# OFF air reception..annoying descriptive audio



## carverman (Nov 8, 2010)

I've been receiving my TV stations off air and over the last few weeks
since I started, noticed that there is a descriptive audio with some programs
(not all though)..broadcast by the TV stations.

This appears to be the SAP/DVI special audio for the blind, where a commentator describes what the subjects are doing. While I understand that this is an important service for the blind, it is very annoying to keep
hearing this narrative going on, when I can full comprehend what is going on in
the program.

I tried to disable it but I don't seem to have the capability with my flat screen
TV to disable it. I sent an email off to my TV's support online to see if there
is any way of disabling it, since my TV doesn't seem to have a option of
turning off SAP.

When I was receiving with Bell Sat TV, the SAP was stripped off and if
you wanted it on, you had to tune in their special SAP channels that
carried the Global/CTV/CBC programs. (Dv)

Anyone else experienced this off air?


----------



## hystat (Jun 18, 2010)

SAP is used for many things -often a second language (usually Spanish), so there has to be a way to turn it off. 
What is the TV brand/model?


----------



## carverman (Nov 8, 2010)

hystat said:


> SAP is used for many things -often a second language (usually Spanish), so there has to be a way to turn it off.
> What is the TV brand/model?


It's a Viewsonic N3252w LCD flatscreen (from Costco). Model VS11335-1M.

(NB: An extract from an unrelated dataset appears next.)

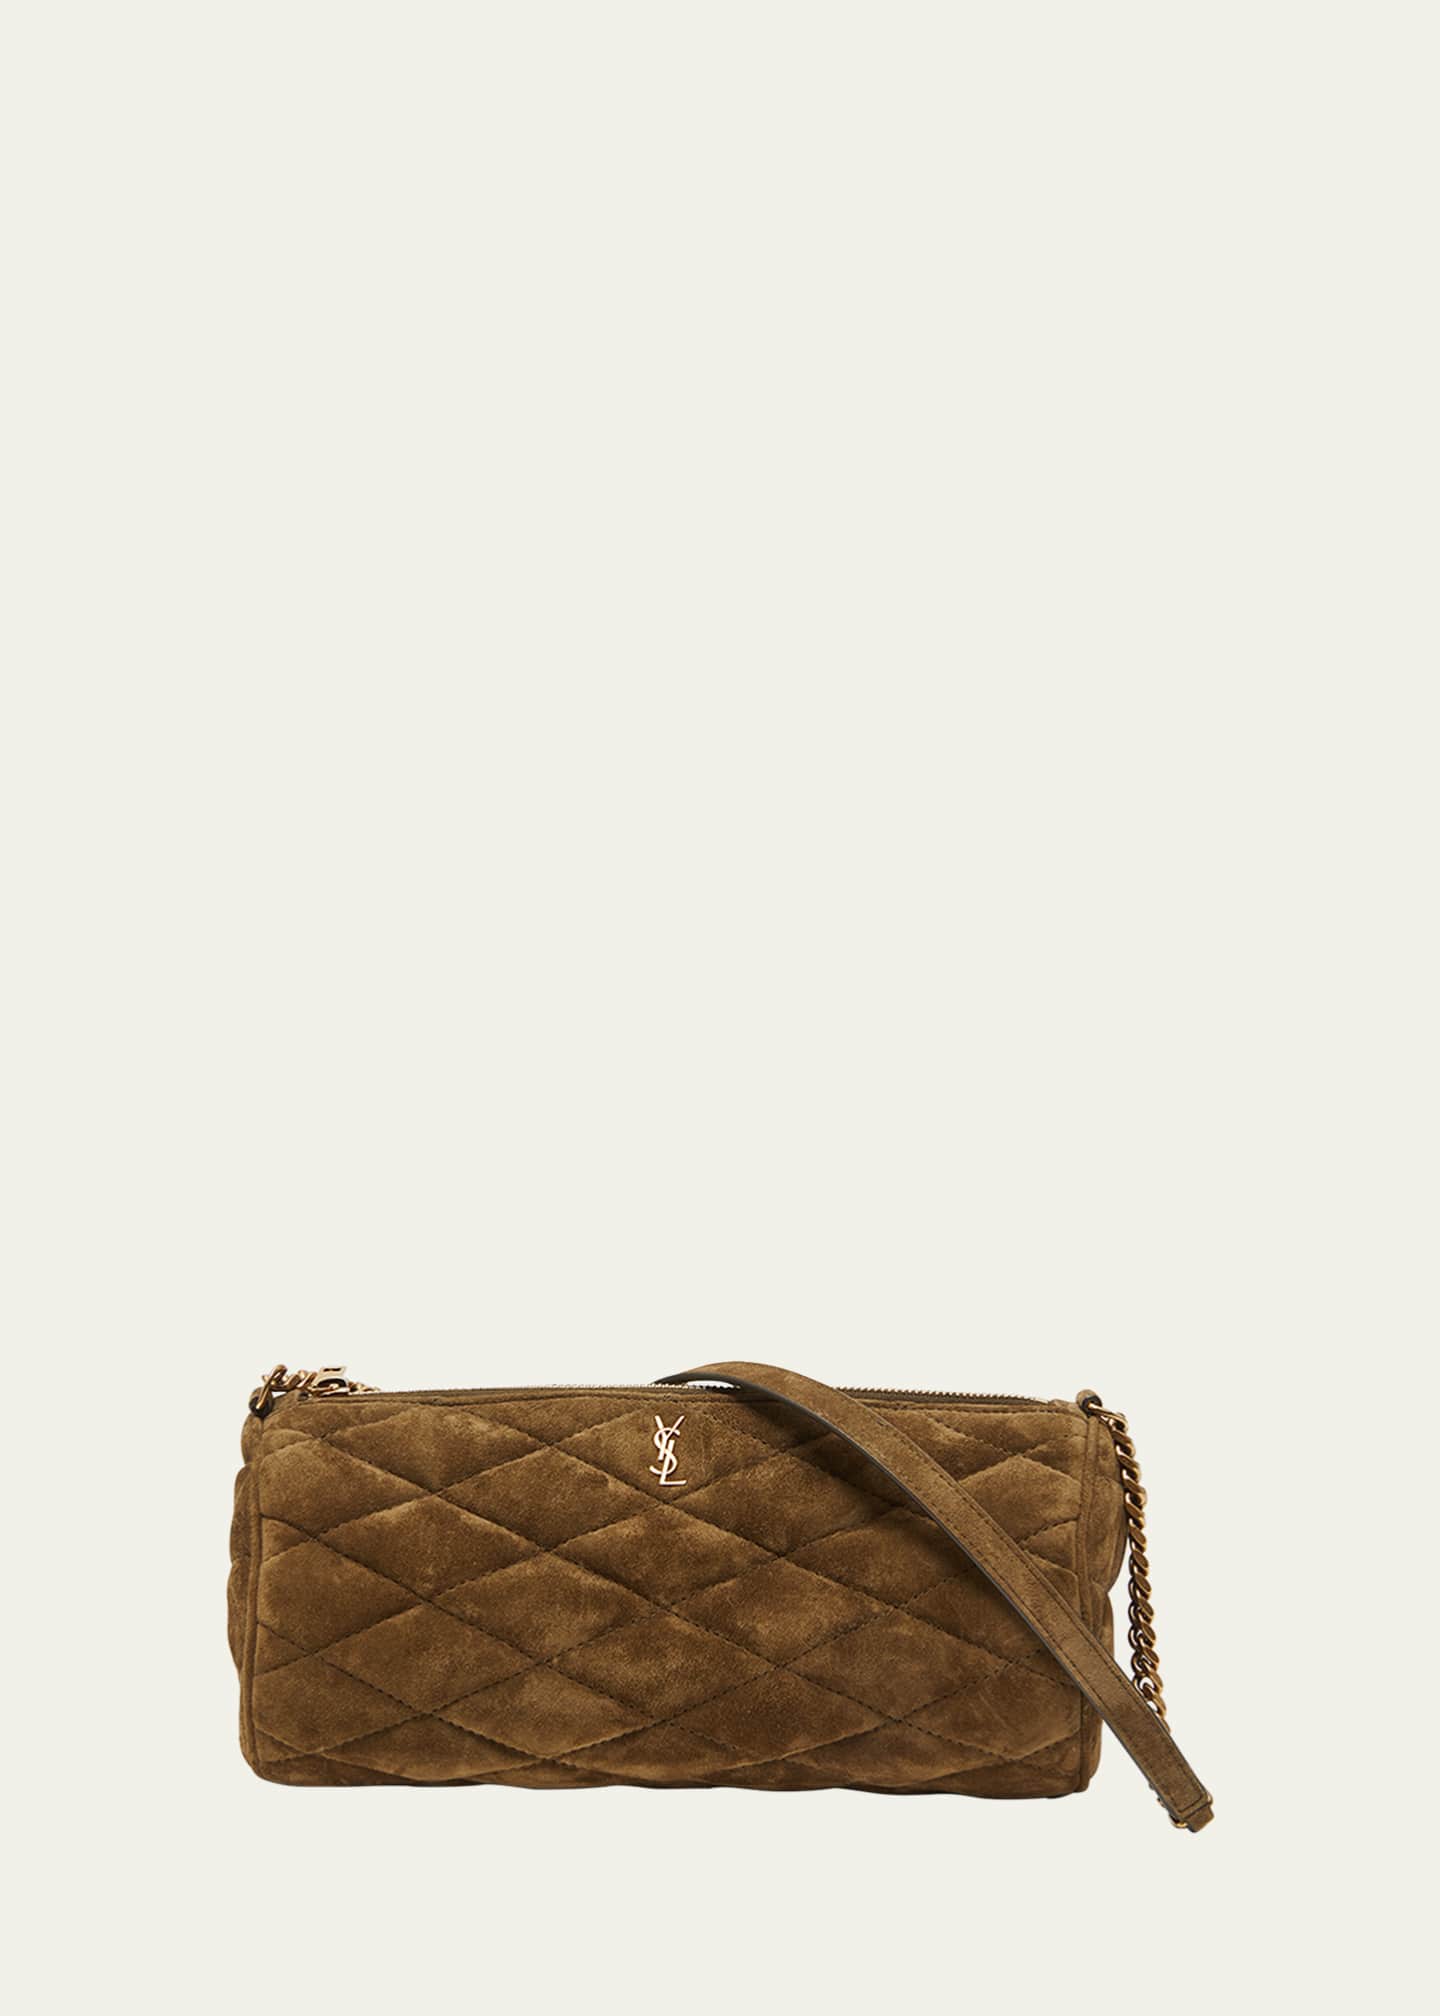 Saint Laurent loulou puffer small quilted suede shoulder bag

I've tried different ways with the menu and can't seem to find anything
via Menu that corresponds to the Descriptive Video banter that goes
for some programs. Global has some, so does CTV. Like I mentioned,
it wasn't a problem with satellite tv, as they seem to strip it off and
offer it on lower DVi channels.


----------



## hystat (Jun 18, 2010)

MTS button should give you a menu to choose Mono, Stereo or SAP


----------



## carverman (Nov 8, 2010)

The MTS button is set to STEREO. 

Don't know what else to try...I was watching comedy on CTV last night
and still heard the commentator in the background describing what the
comedian was doing with his hands, even if the commentary is in a lower
volume to the main programme.
Annoying, but I may have to live with it.


----------



## Annada (Jul 13, 2011)

What is the TV brand/model?


----------



## carverman (Nov 8, 2010)

Annada said:


> What is the TV brand/model?


It's a Viewsonic. (See my post above for model). 
I did play with the MTS sound button on the remote.
The user manual does not give any specific details 
on this button other than select Mono/Stereo or SAP.

The descriptive video (audio) is in the background 
on Mono. 
*tried stereo mode, and it seems to have been
muted and barely audible*, so that may be it.

Once the broadcasters go to DTV in September, 
I can select DTV mode and maybe that will help.
It wasn't there in digital mode YpbPr mode off 
the satellite, as the audio was separate, but now 
off the air, via antenna on the RF connector 
(TV mode), it is audible.

Not all programs seem to have this..only some.


----------